_Instructions to follow_.
Images don't belong in the copy. Output the rest of the data exactly.

_Data shown_.
▼

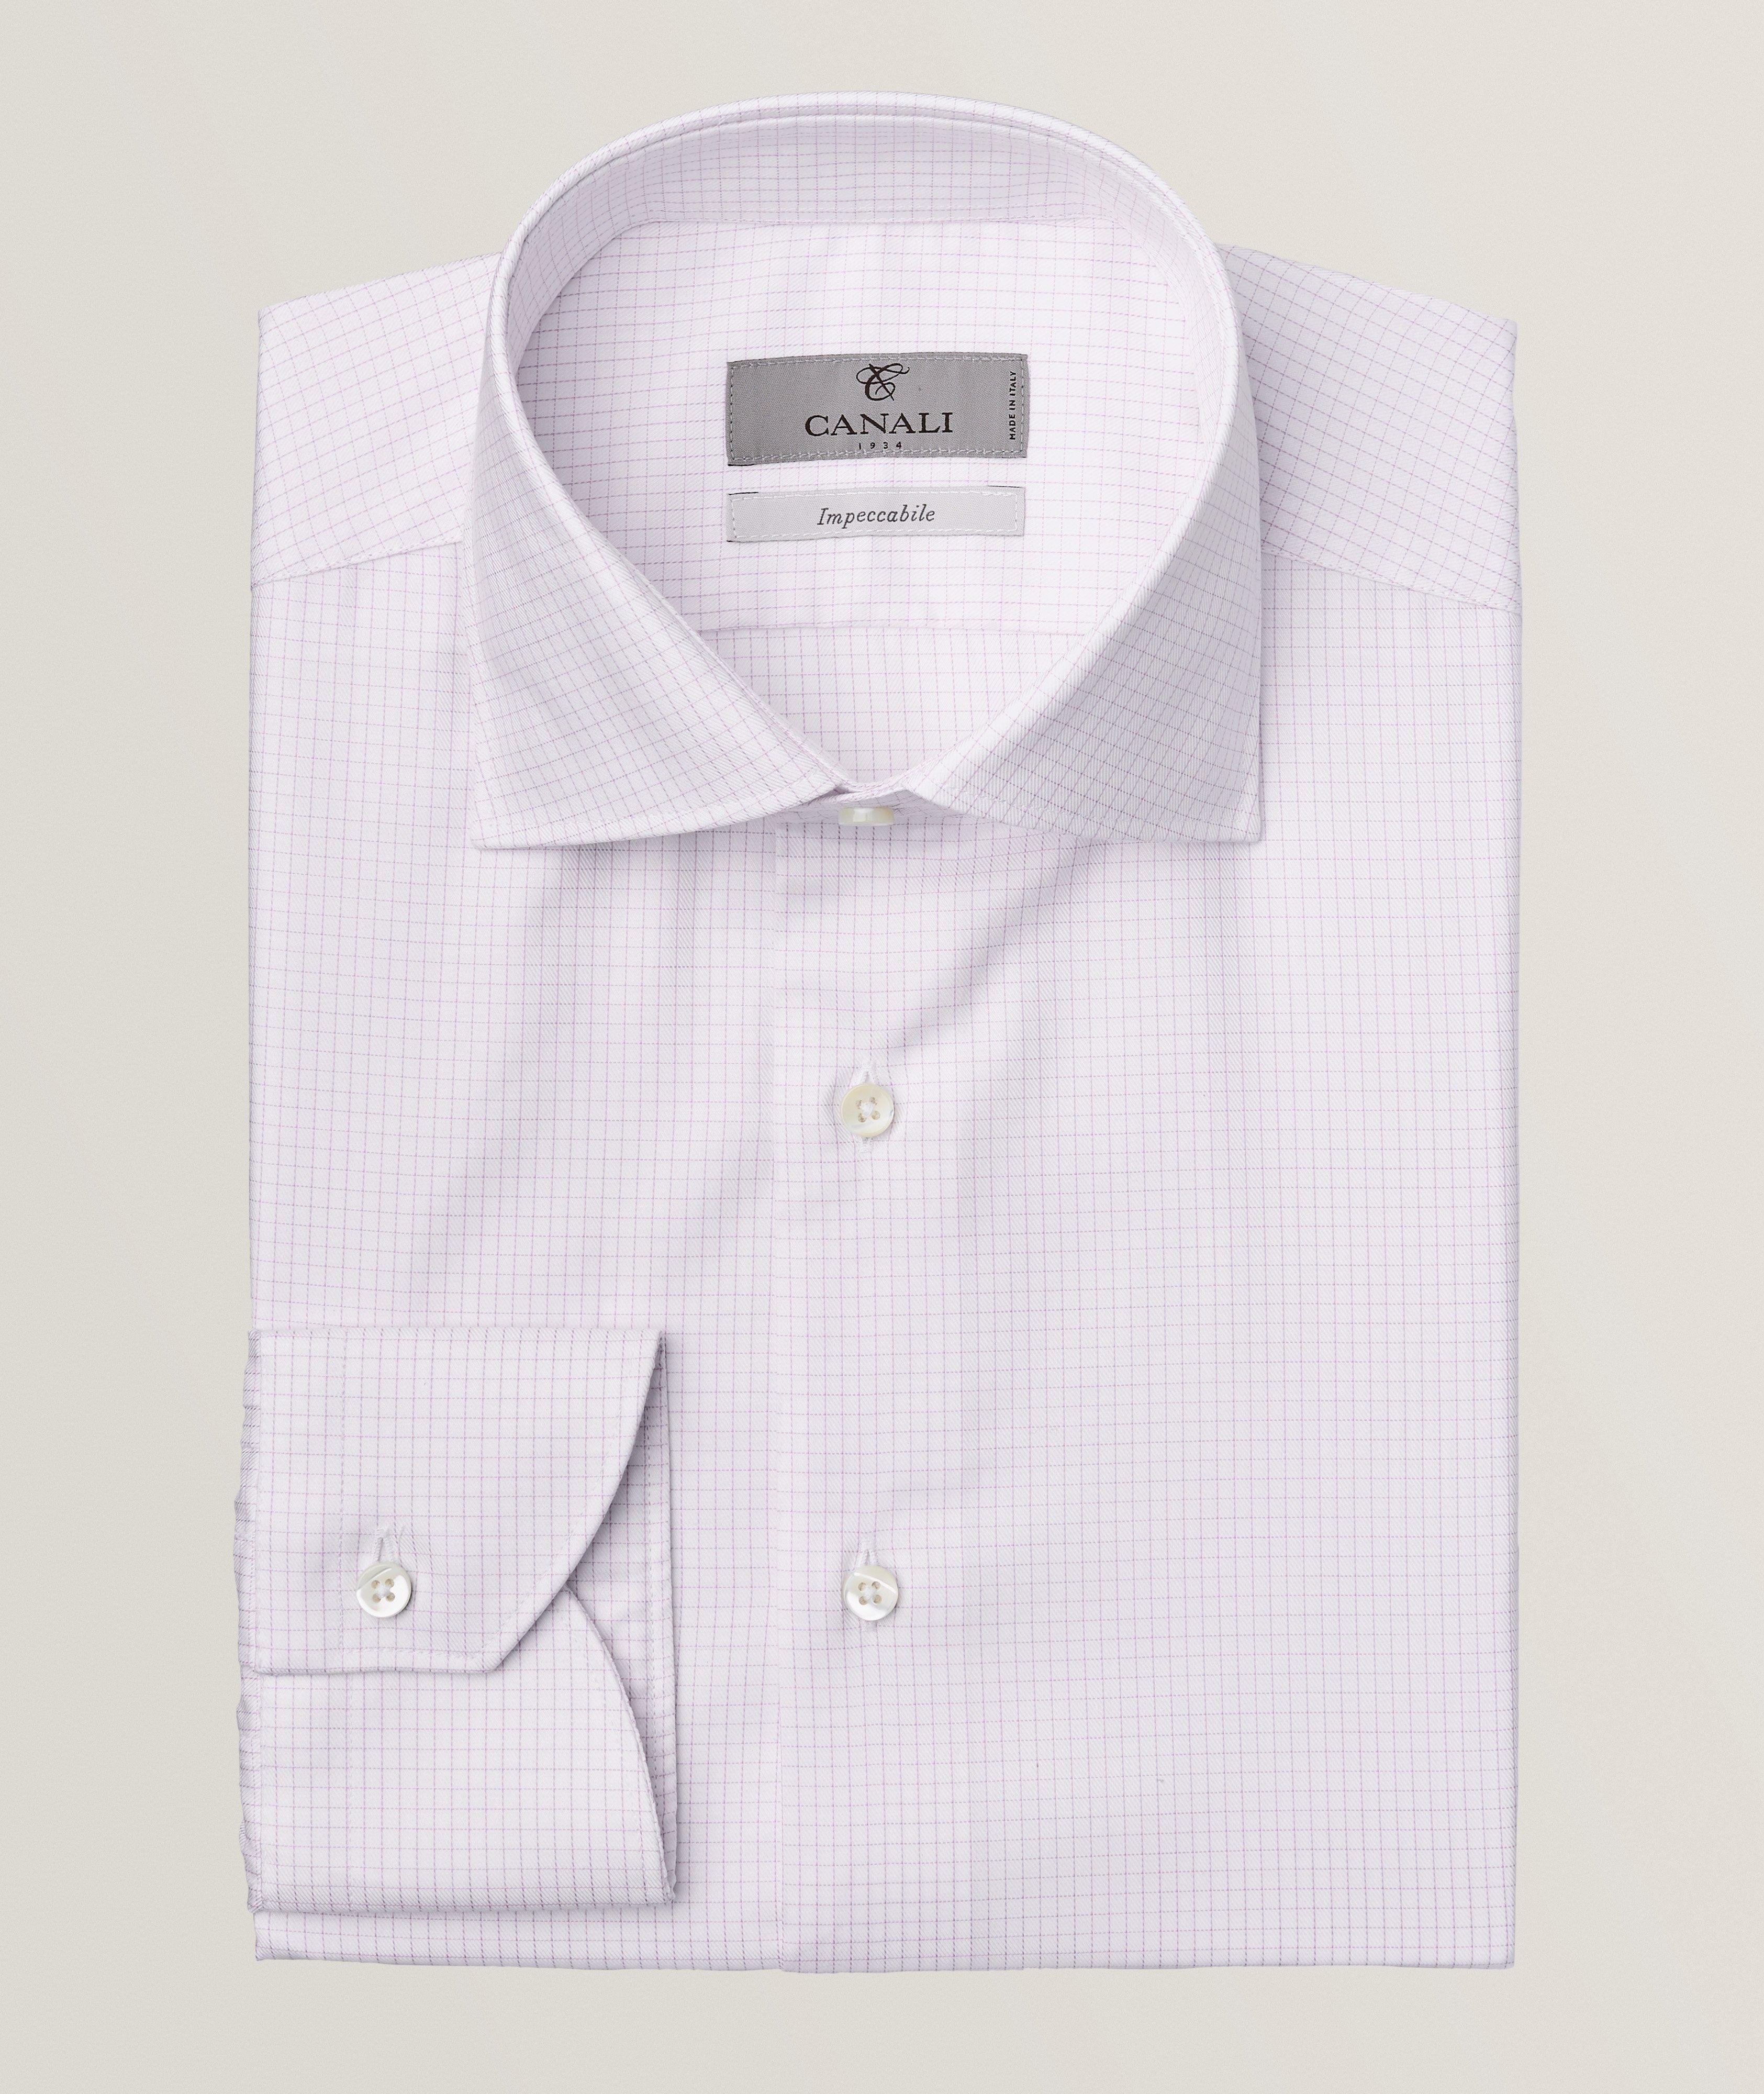 Chemise habillée en tissu Impeccabile à motif quadrillé image 0
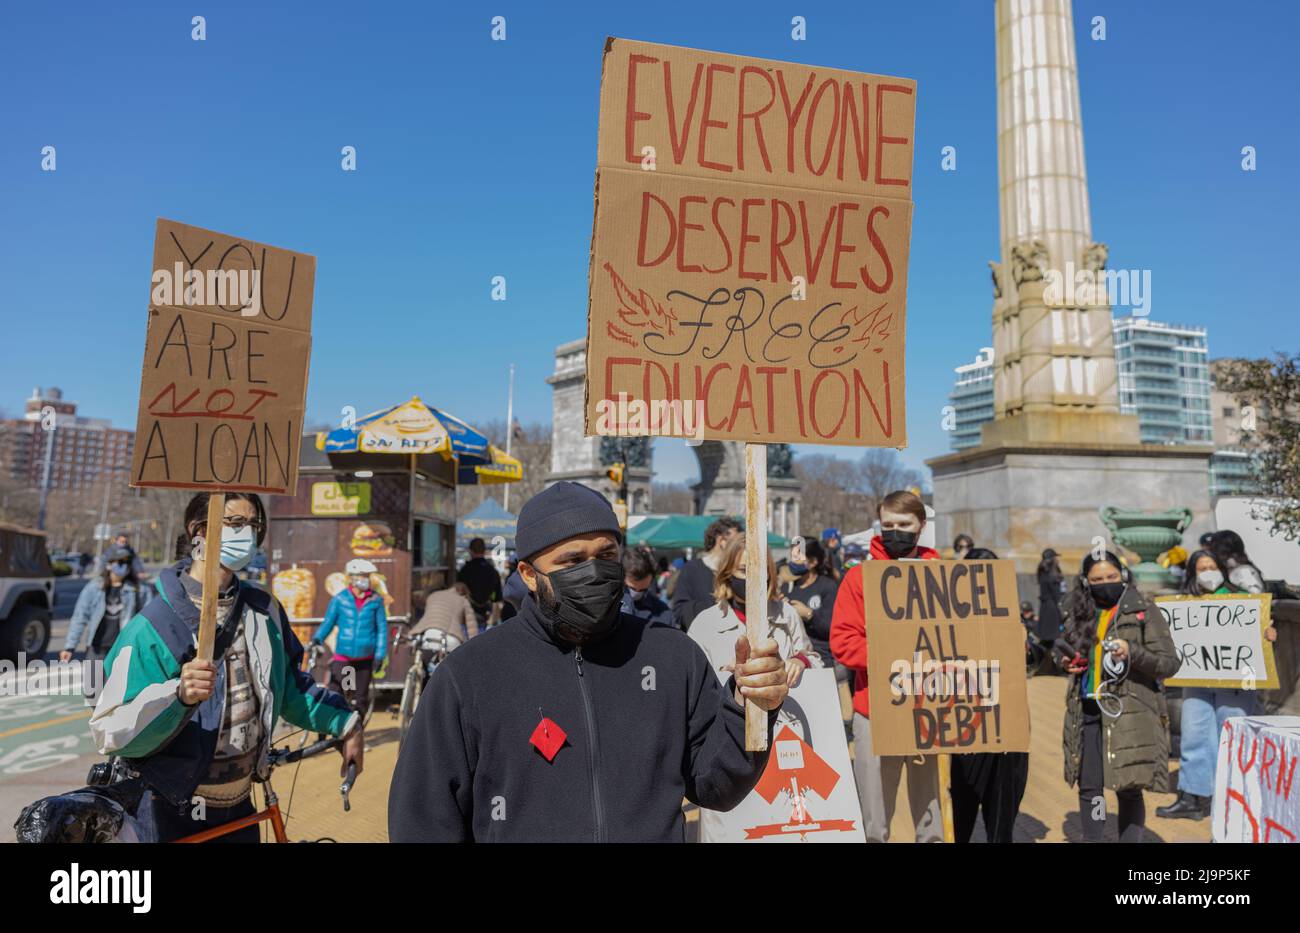 BROOKLYN, NY – 3. April 2021: Demonstranten protestieren in der Nähe des Grand Army Plaza während einer Kundgebung, um die Schulden von Studentendarlehen zu streichen. Stockfoto
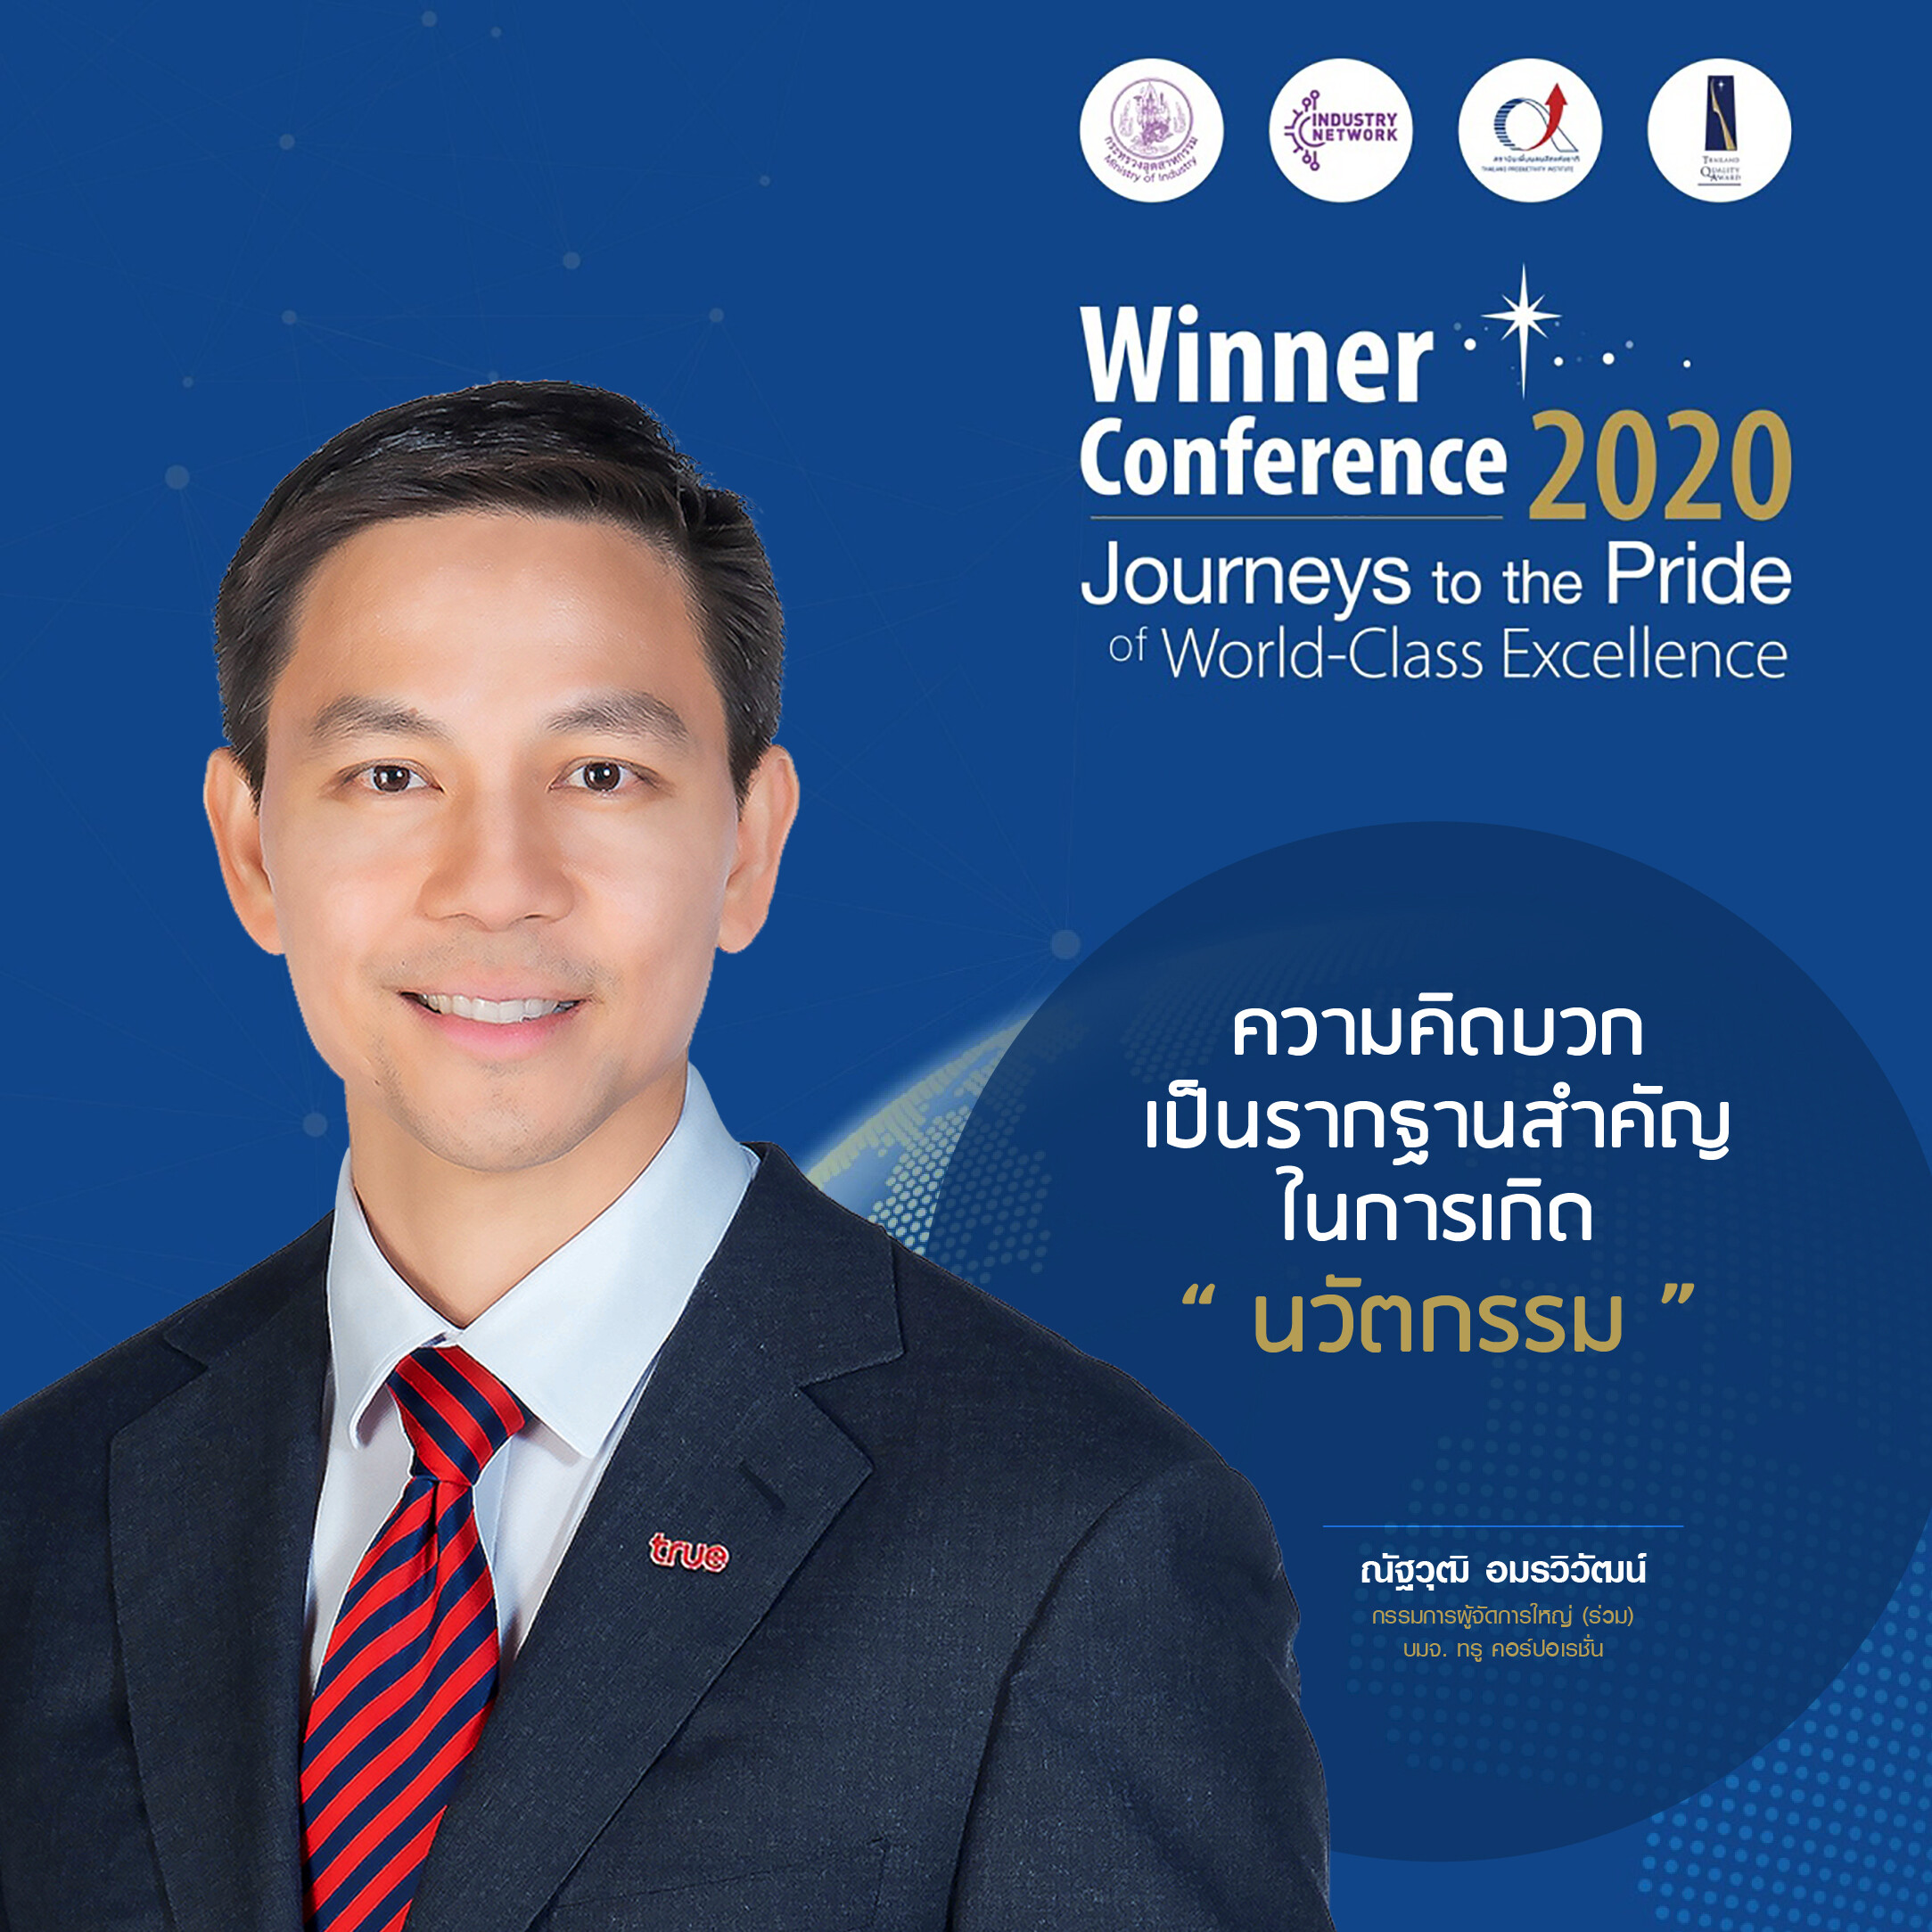 ส่งต่อแรงบันดาลใจ…กลุ่มทรู ร่วมแบ่งปันองค์ความรู้ "Passion for Excellence" ในงาน "Thailand Quality Award Winner Conference 2020"

▲

_Reply_.
 Chemise habillée en tissu Impeccabile à motif quadrillé image 0
 BROOKLYN, NY – 3. April 2021: Demonstranten protestieren in der Nähe des Grand Army Plaza während einer Kundgebung, um die Schulden von Studentendarlehen zu streichen. Stockfoto
 ส่งต่อแรงบันดาลใจ…กลุ่มทรู ร่วมแบ่งปันองค์ความรู้ "Passion for Excellence" ในงาน "Thailand Quality Award Winner Conference 2020"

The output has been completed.